Bill Gates has, in recent years, consistently raised the issue of a ‘tragic misallocation of resources’ in global technology research and development, complaining in an often referenced TED talk a couple of years ago that more money is spent annually on research a cure for male baldness than for a vacinne for malaria. He is absolutely right to raise this as an issue and a barrier to the poor having access to the technologies they need to achieve a reasonable standard of living.

But the New Statesman article reads as if technological innovation is all that is needed to end poverty (e.g. “Yes we have a global food crisis. But with innovators all over the world focussed on the problem, we also have a good chance to fix it”). But its not. Many of the technologies poor people need already exist, and in some cases have been in existance for centuries. Its their inability to access to them that is the core issue – due to a assortment of barriers ranging from simple affordability, to the poor having no voice in decisions around allocation of investments for basic services.

We need innovation not only in technology itself, but also innovation to over come the social, political and economic barriers that prevent poor people from accessing existing technology and that prevent innovation really focussing on the interests of the poor. So, for example, we need innovation to help utilities in urban centres in the developing world overcome their reluctance to provide water, sanitation and electricity supplies to the residents of informal settlements and shanty towns, which often make up half or more of the population of developing country cities. And, in an era where governments have largely handed over resonsibility for technology R&D to the private sector, we need ways of sponsoring research and innovation into knowledge which cannot be commodified but which is never the less helpful to the fight against poverty – for example research into improving the productivity of traditional agro ecological forms of agriculture.
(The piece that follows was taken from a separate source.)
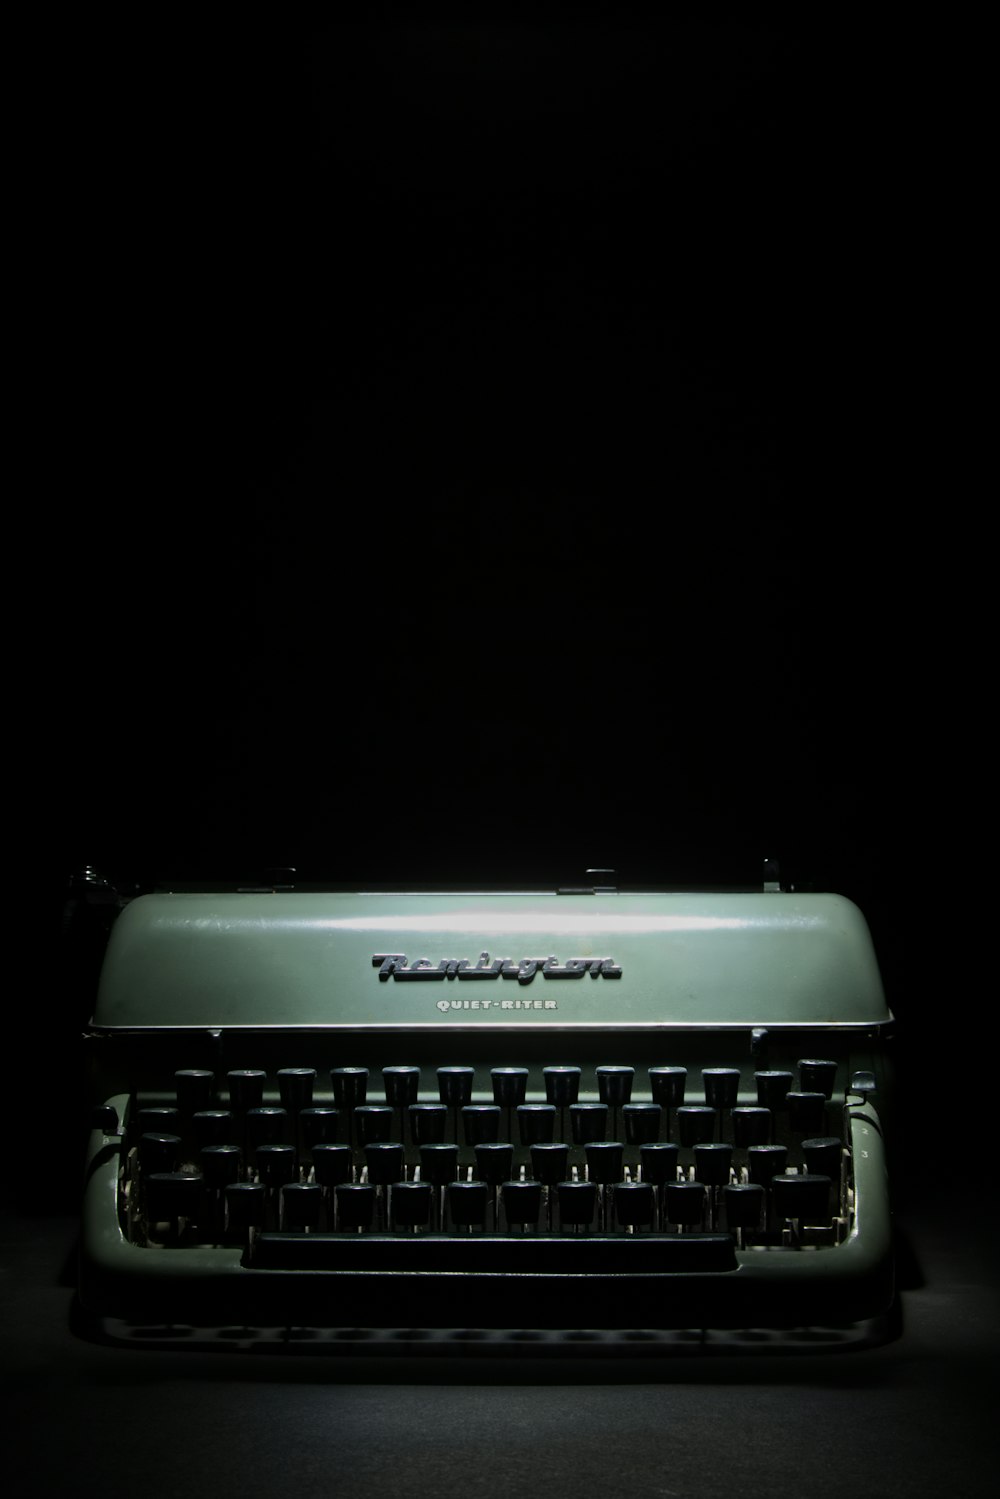 gray and black typewriter on black background

Like Bill Gates, I too am an optimist. I believe this is possible and that a growing number of people are beginning to understand and respond to the challenge.

One response to “An era of innovation for the poor?”

  1. Solar Panels Says:

    Count me in on that. Indeed the different technologies to help alleviate the living condition of the less fortunate on developing countries are already with us for a long time, it is just the means for them to access this technology that is lacking. It is sad that finding means to facilitate for the access continuously takes a backseat.